(The rest of this post is about the church, and sex, and stuff. The pic at left is to make your kids think you're looking at a lengthy post regarding dogs who balance cups and saucers. Which, come to think of it, may make for a better post, but I didn't know what else to say except, "Cool, here's a dog that balances cups and saucers." but the picture already kinda gets at that. Yep. Thank you.)
I got a kick out of the responses to the "30 Day Challenge" thing. I thought the challenge kind of a bad idea. May make you "relevant" -- we all want to relevant, by golly -- but isn't it kinda awkward, on a few levels? I was thinking that.
(BTW: I was at a Christian-themed singles event last night, with hundreds turning out, at the Improv. It should have occured to me, on stage, to issue a "1 Year Challenge": "I sexually challenge my sexy married self to enjoy some very sexual sex five times a day for the next year. And I challenge you single people to not do anything. Cool? Cool.")
Anyway, I got some fun objections to my hesitation about the attempt at "relevance" via comments and email: "But the church has to talk about sex, and...but we shouldn't act like sex is gross and...but we can't stick our heads in the sand," etc.
But this points out a problem, doesn't it? Nowhere did I write, or intimate, that the church shouldn't address sexuality. Nowhere. But it's presumed, in some quarters, that addressing sexuality means having some guy in a pulpit talk about sex to everyone, en masse, right before everyone leaves to go to the Golden Corral.
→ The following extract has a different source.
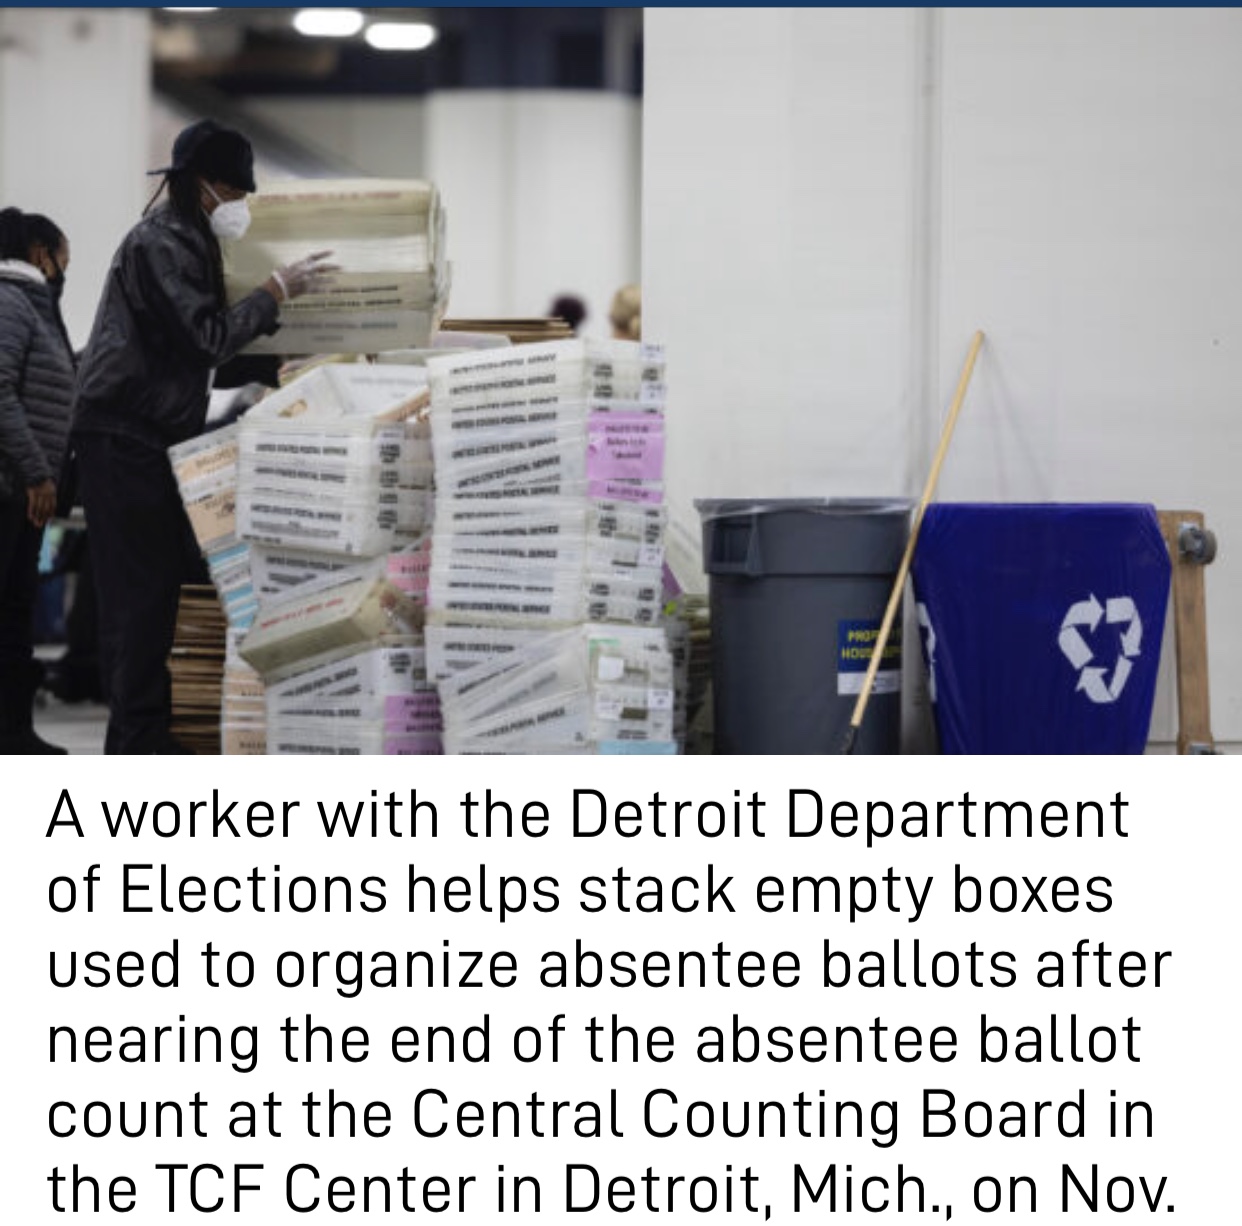 Tens of Thousands of Unsealed Ballots Arrived in Michigan County, All for Democrats: Lawsuit

Er...why? And what does it say that people think this is the means of teaching?
We can't fathom other ways to teach? Are we this limited? We can't, in our rich imaginations, possibly envision any other way? Teaching = a guy doing an oratory on Sunday morning? You really think that's the best place the church can teach about sex?
Obviously, the church has to teach about sex. And I'm all about that, mister. Heck -- and, let's face it, I really meant "hell", there -- for me, once a day for a month seems like a lowly goal, to be honest. Make it 100 times for the month, and we're talking. How about them apples, chump? This here hunka accordion-playing love makes Mark Driscoll look like Richard Simmons. Yessir.
So never for a moment did I think protesting the all-church, from-the-pulpit Sex Challenge, as bad idea would be taken to mean that the church shouldn't deal with sex. But perhaps I should have.
I was just thinkin' maybe...I don't know...maybe other people could do it. In other venues. Our group of guys takes our teenage guys out for dinner on their birthday, and sits around them, out on the back porch, and advises them very, very frankly on sex, porn, and how to treat women. It's just guys, challenging each other, talking about their own traps, their own failures and successes, telling the younger ones (and each other) how great and perilous this gift is.
Seems fair, to me. And more than appropriate, too. It involves sustained relationships. It teaches not only about sex, but how it's not strange to talk to older men about it. It teaches not only about sex, but how other guys let Jesus actually matter in their most vulnerable places. It teaches not only about sex, but about how these young men are to be the church, and not leave it to the paid guy.
Yes, the men in our country, and our churches, are porn-soaked, and yes, we better talk about it. Perhaps we could find ways of talking sex that don't involve everyone, en masse, in the sanctuary on Sunday morning, from a guy not everyone can really know, and can't know them...? Maybe...?
And perhaps -- let's be honest here -- it's MORE dangerous to "deal" with the issue that way, because you may not have really "dealt" with anything...except your need to feel relevant.